一个数据帧遵循类似字典的遍历对象的“钥匙”的约定。
my_dataframe.keys()
Create a list of keys/columns - object method to_list()
and pythonic way
创建键/列列表 - 对象方法to_list()
和pythonic方式
my_dataframe.keys().to_list()
list(my_dataframe.keys())
Basic iterationon a DataFrame returns column labels
DataFrame 上的基本迭代返回列标签
[column for column in my_dataframe]
Do not convert a DataFrame into a list, just to get the column labels. Do not stop thinking while looking for convenient code samples.
不要将 DataFrame 转换为列表,只是为了获取列标签。在寻找方便的代码示例时不要停止思考。
xlarge = pd.DataFrame(np.arange(100000000).reshape(10000,10000))
list(xlarge) #compute time and memory consumption depend on dataframe size - O(N)
list(xlarge.keys()) #constant time operation - O(1)
回答by tegan
Did some quick tests, and perhaps unsurprisingly the built-in version using dataframe.columns.values.tolist()
is the fastest:
做了一些快速测试,也许不出所料,使用的内置版本dataframe.columns.values.tolist()
是最快的:
In [1]: %timeit [column for column in df]
1000 loops, best of 3: 81.6 μs per loop
In [2]: %timeit df.columns.values.tolist()
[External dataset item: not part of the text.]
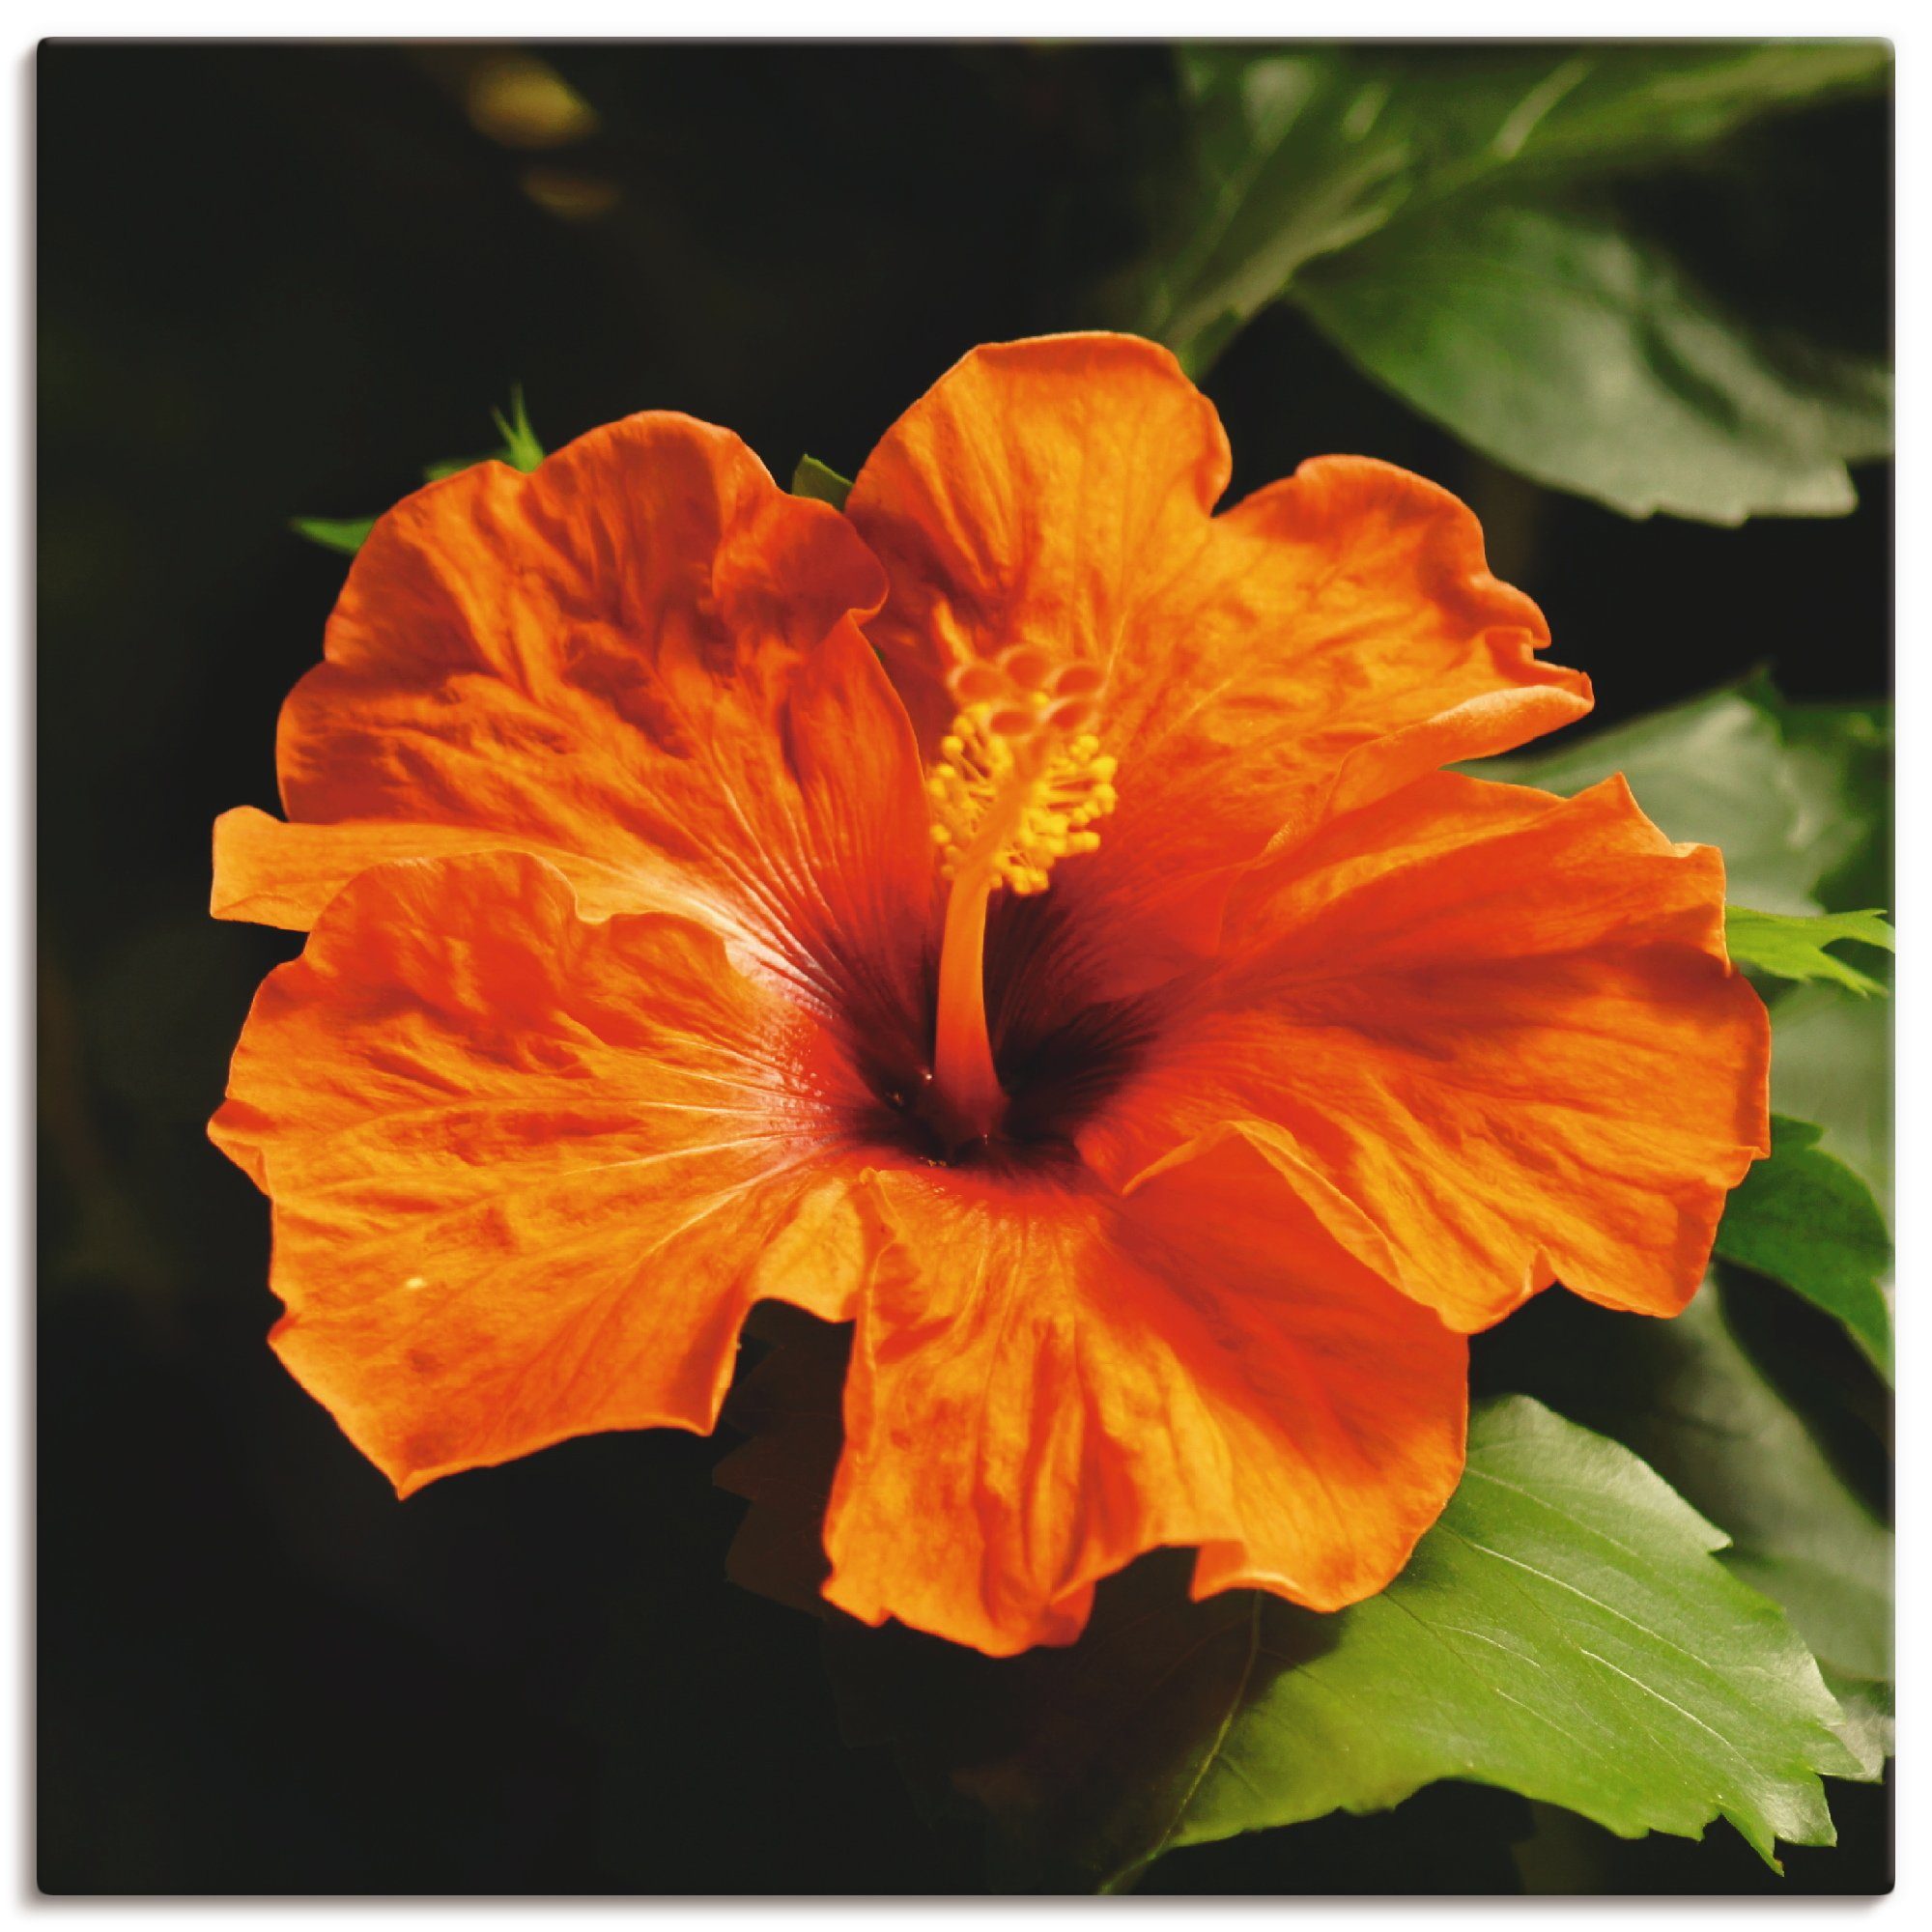 Artland Artprint Oranje hibiscus in vele afmetingen & productsoorten - artprint van aluminium / artprint voor buiten, artprint op linnen, poster, muursticker / wandfolie ook geschi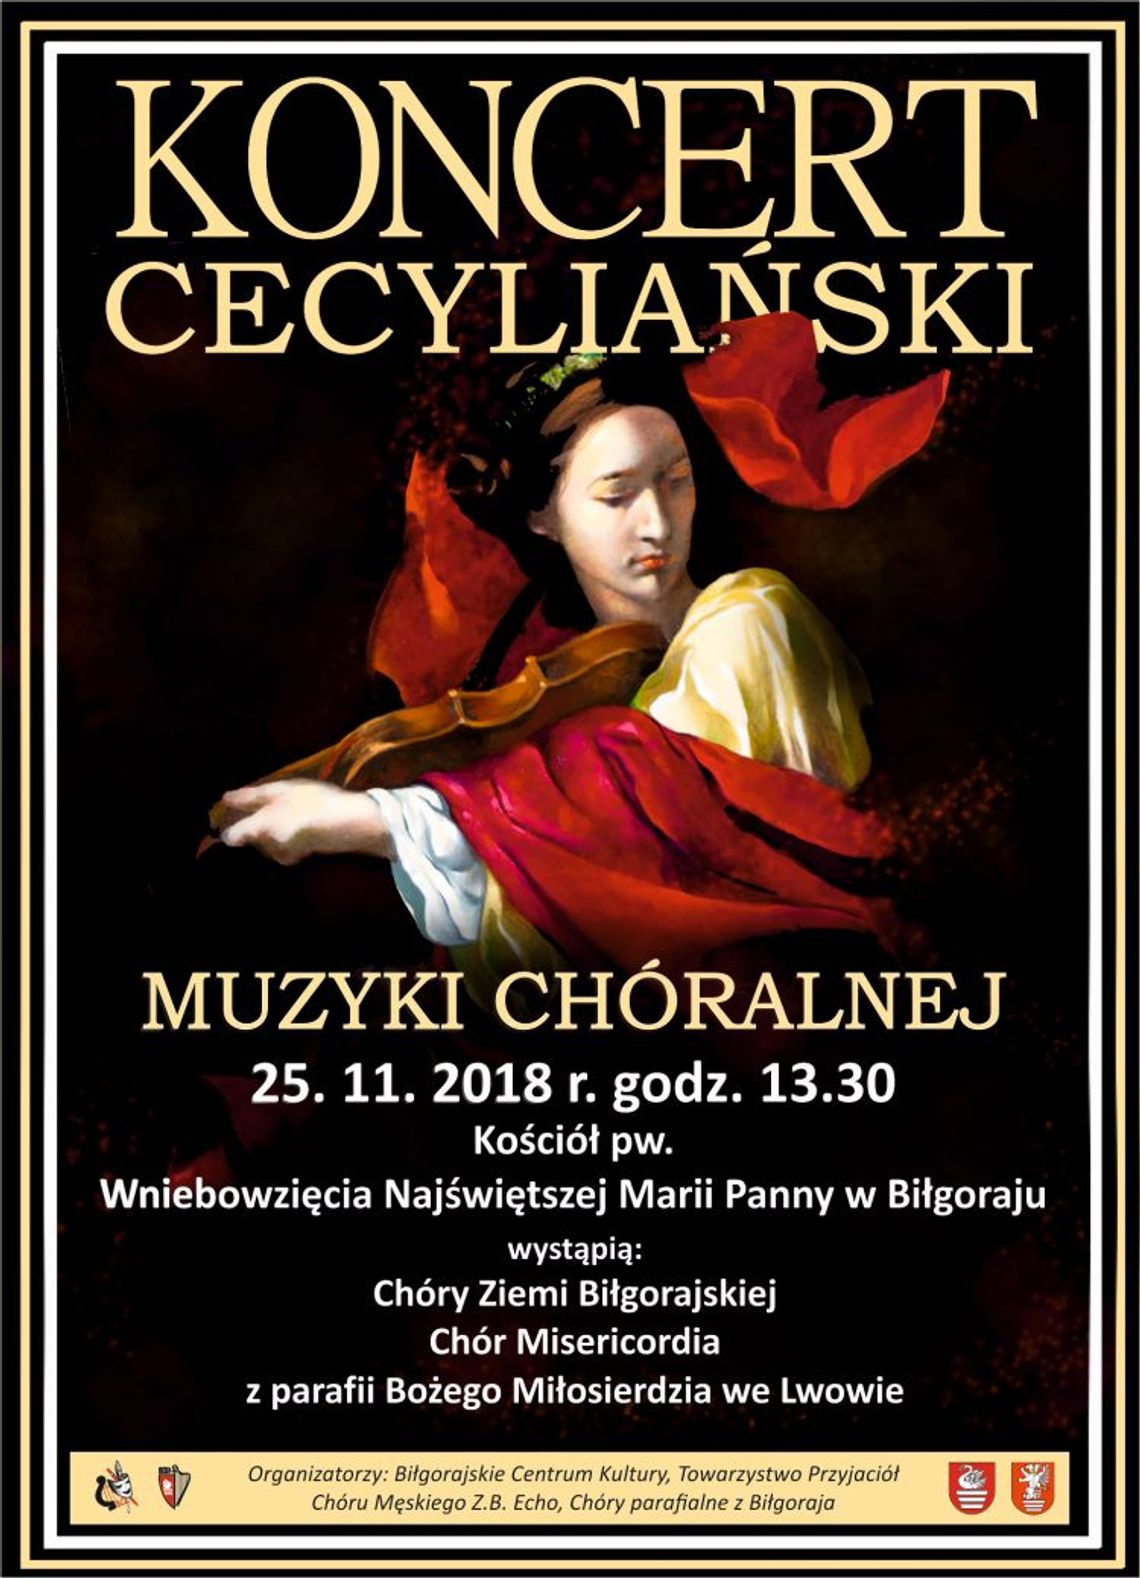 Koncert Cecyliański Muzyki Chóralnej w Biłgoraju

10000 loops, best of 3: 16.1 μs per loop
In [3]: %timeit list(df)
10000 loops, best of 3: 44.9 μs per loop
In [4]: % timeit list(df.columns.values)
10000 loops, best of 3: 38.4 μs per loop
(I still really like the list(dataframe)
though, so thanks EdChum!)
(我仍然很喜欢list(dataframe)
,所以感谢 EdChum!)
回答by fixxxer
Its gets even simpler (by pandas 0.16.0) :
它变得更加简单(由 pandas 0.16.0 提供):
df.columns.tolist()
will give you the column names in a nice list.
会给你一个不错的列表中的列名。
回答by Alexander
>>> list(my_dataframe)
['y', 'gdp', 'cap']
To list the columns of a dataframe while in debugger mode, use a list comprehension:
要在调试器模式下列出数据帧的列,请使用列表理解:
>>> [c for c in my_dataframe]
['y', 'gdp', 'cap']
By the way, you can get a sorted list simply by using sorted
:
顺便说一句,您只需使用sorted
以下命令即可获得排序列表:
>>> sorted(my_dataframe)
['cap', 'gdp', 'y']
回答by Anton Protopopov
It's interesting but df.columns.values.tolist()
is almost 3 times faster then df.columns.tolist()
but I thought that they are the same:
这很有趣,但df.columns.values.tolist()
几乎快了 3 倍,df.columns.tolist()
但我认为它们是相同的:
In [97]: %timeit df.columns.values.tolist()
100000 loops, best of 3: 2.97 μs per loop
In [98]: %timeit df.columns.tolist()
10000 loops, best of 3: 9.67 μs per loop
回答by firelynx
In the Notebook
在笔记本中
For data exploration in the IPython notebook, my preferred way is this:
对于 IPython notebook 中的数据探索,我的首选方式是这样的:
sorted(df)
Which will produce an easy to read alphabetically ordered list.
这将产生一个易于阅读的按字母顺序排列的列表。
In a code repository
在代码存储库中
In code I find it more explicit to do
在代码中,我发现这样做更明确
df.columns
Because it tells others reading your code what you are doing.
因为它告诉其他阅读你的代码的人你在做什么。